Hi all! I have a 12B model that is distributed on 4 GPUs and a 2.8B model that is also distributed. I’m performing inference on 12B followed by training 2.8B. However, after a first few thousand steps of training, I’m getting the NCCL timeout error. I even tried increasing the default timeout to 90 minutes using this: os.environ["NCCL_TIMEOUT"] = "5400" os.environ["TORCH_NCCL_BLOCKING_WAIT"] = "1" but looks like it’s not getting applied and the default value is still 10 minutes. Here is my error:
rank1]:[E715 17:27:51.148884976 ProcessGroupNCCL.cpp:632] [Rank 1] Watchdog caught collective operation timeout: WorkNCCL(SeqNum=1518933, OpType=ALLREDUCE, NumelIn=10490880, NumelOut=10490880, Timeout(ms)=600000) ran for 600000 milliseconds before timing out.

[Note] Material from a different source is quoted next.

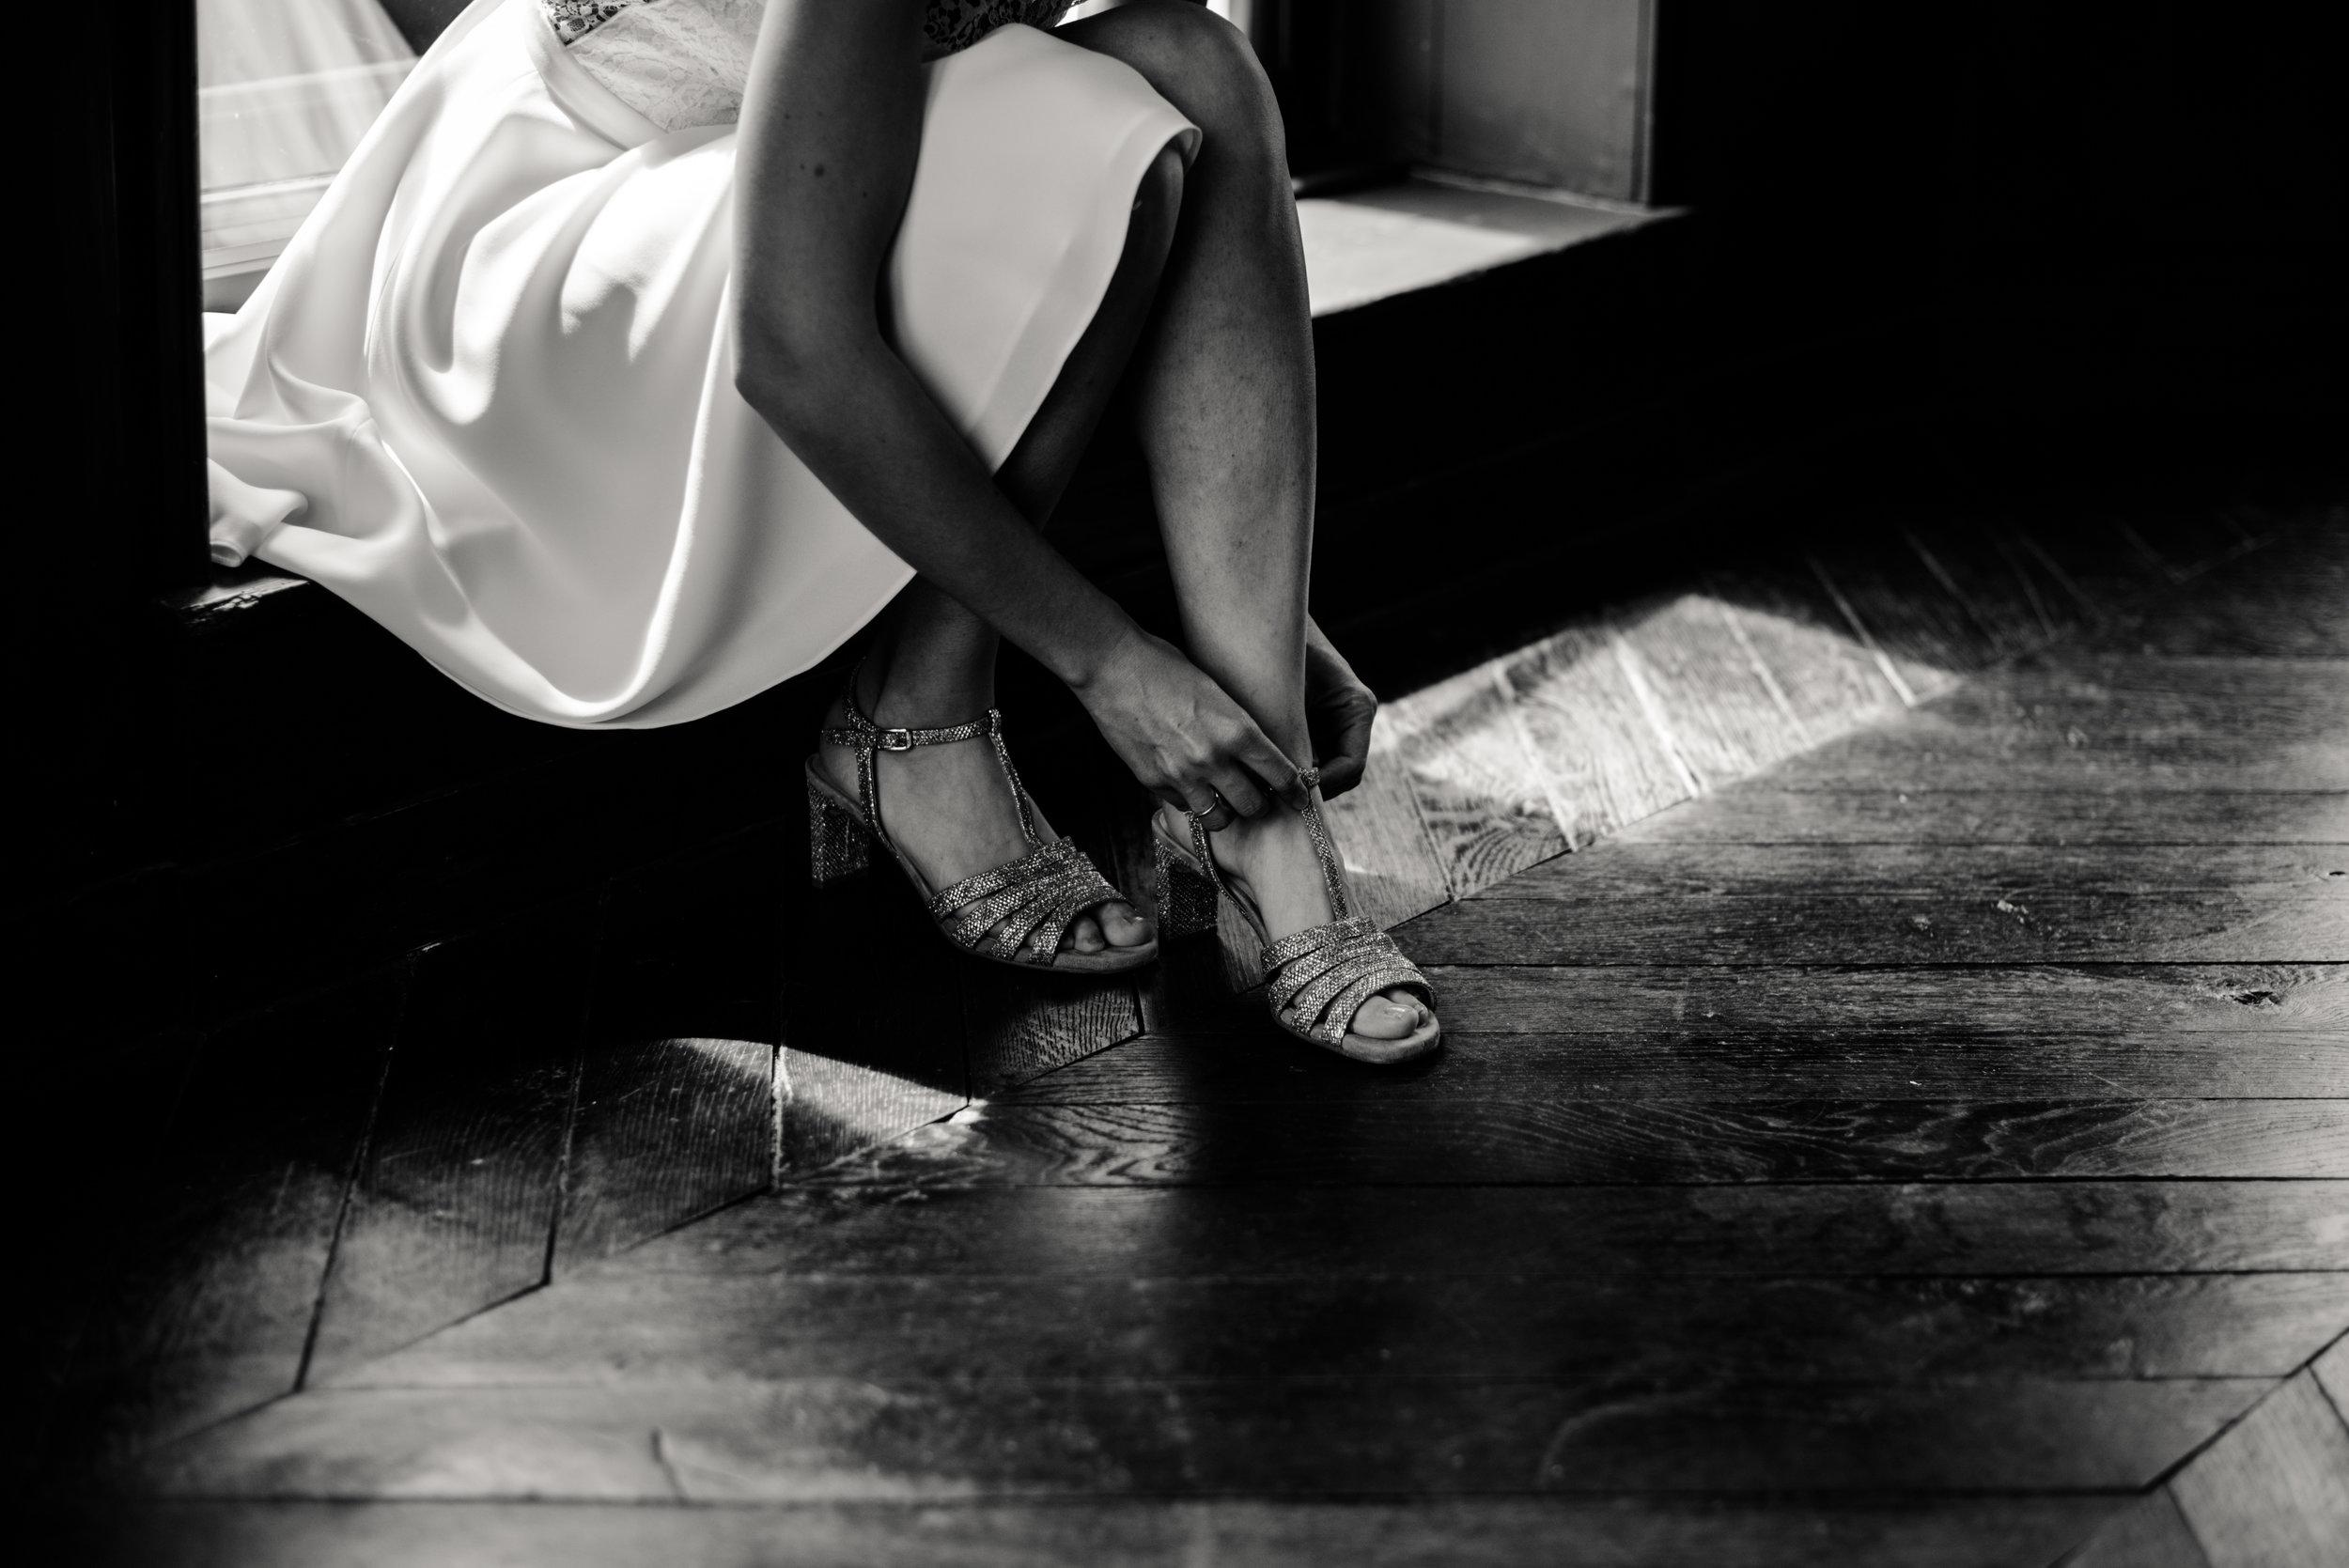 Léa-Fery-photographe-professionnel-lyon-rhone-alpes-portrait-creation-mariage-evenement-evenementiel-famille-5036.jpg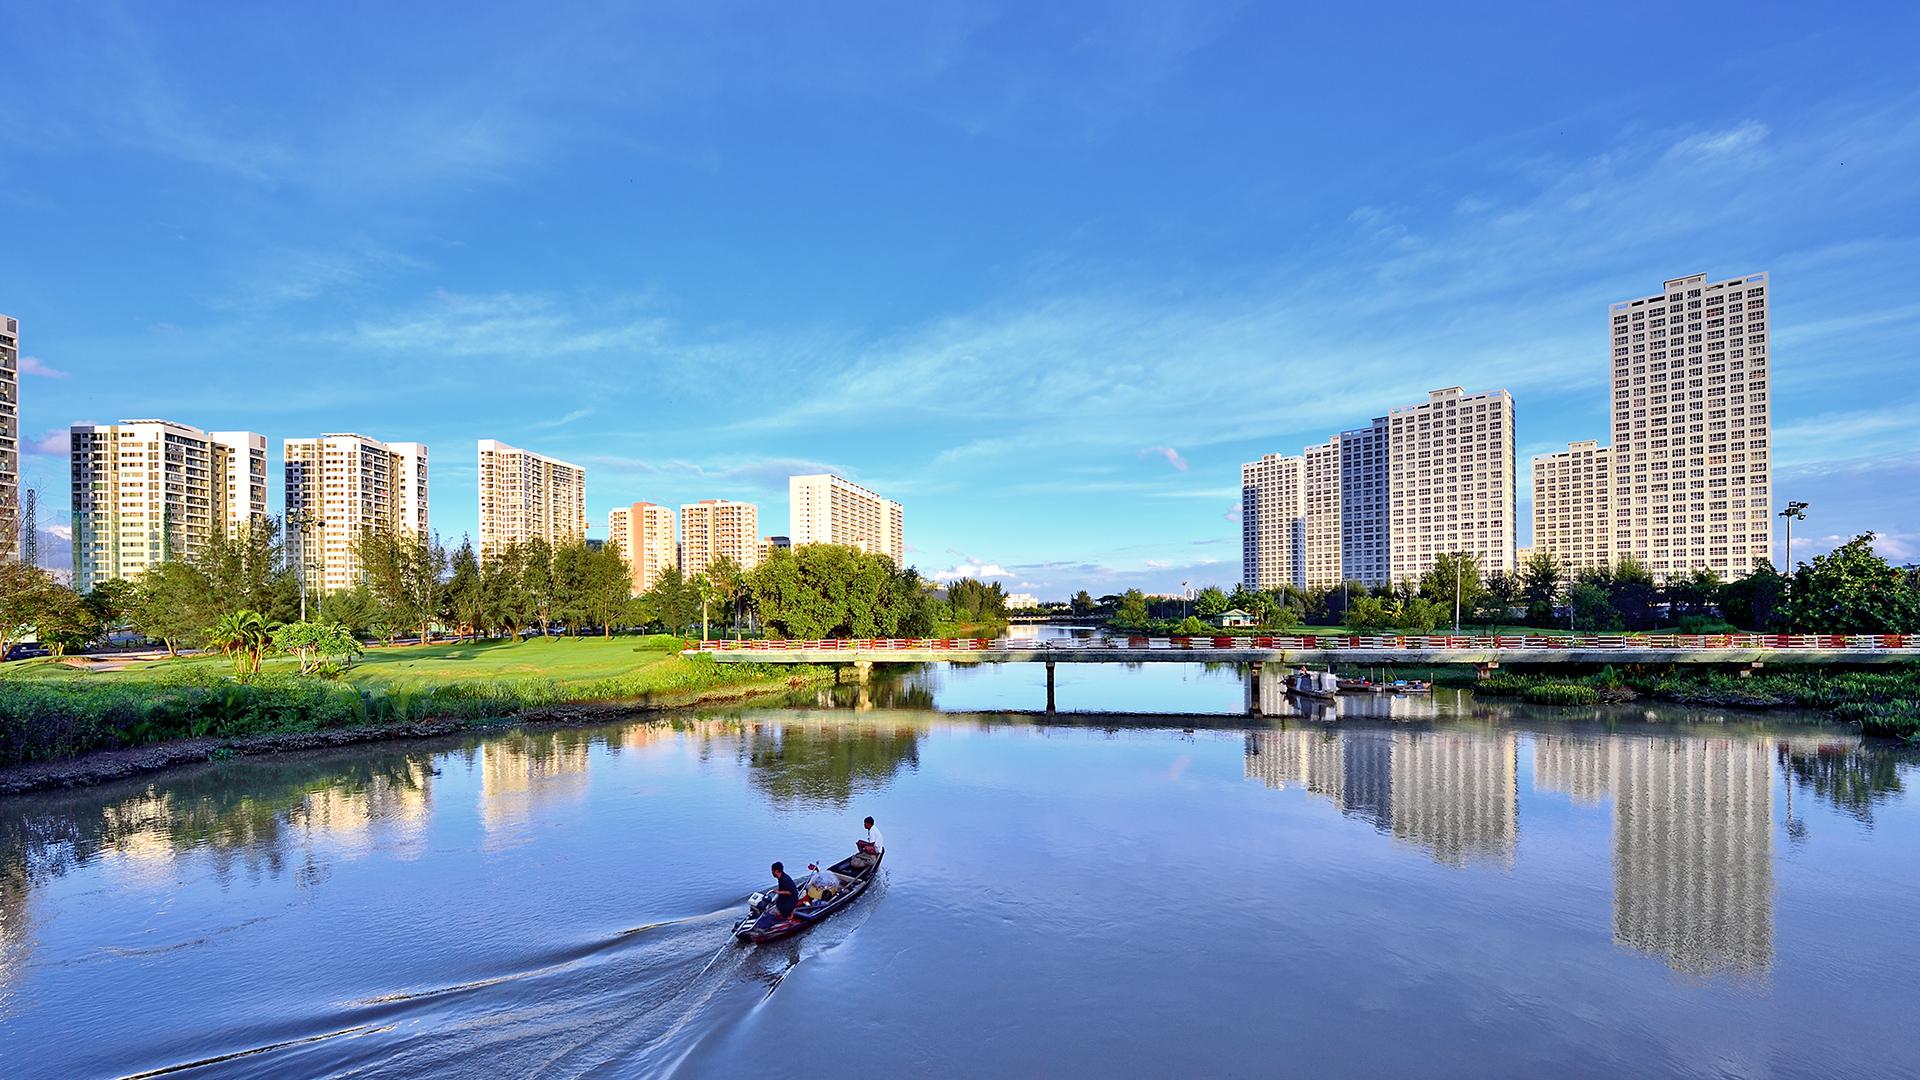 Khu đô thị Phú Mỹ Hưng quận 7 – Không gian đô thị kiểu mẫu hàng đầu khu Nam Sài Gòn. 4

[rank2]:[E715 19:31:08.566950534 ProcessGroupNCCL.cpp:756] [Rank 2] Work WorkNCCL(SeqNum=1518933, OpType=ALLREDUCE, NumelIn=10490880, NumelOut=10490880, Timeout(ms)=600000) timed out in blocking wait.
[rank2]:[E715 19:31:09.873338639 ProcessGroupNCCL.cpp:684] [Rank 2] Some NCCL operations have failed or timed out. Due to the asynchronous nature of CUDA kernels, subsequent GPU operations might run on corrupted/incomplete data.
[rank2]:[E715 19:31:09.873366470 ProcessGroupNCCL.cpp:698] [Rank 2] To avoid data inconsistency, we are taking the entire process down.
I would appreciate any pointers! I’m running the script using accelerate launch script.py and have a deepspeed config file setup already.
@John6666 do you mean only setting up DS env directly but still using accelerate for training? or do you mean completely switching to DS for everything (moving away from HF)?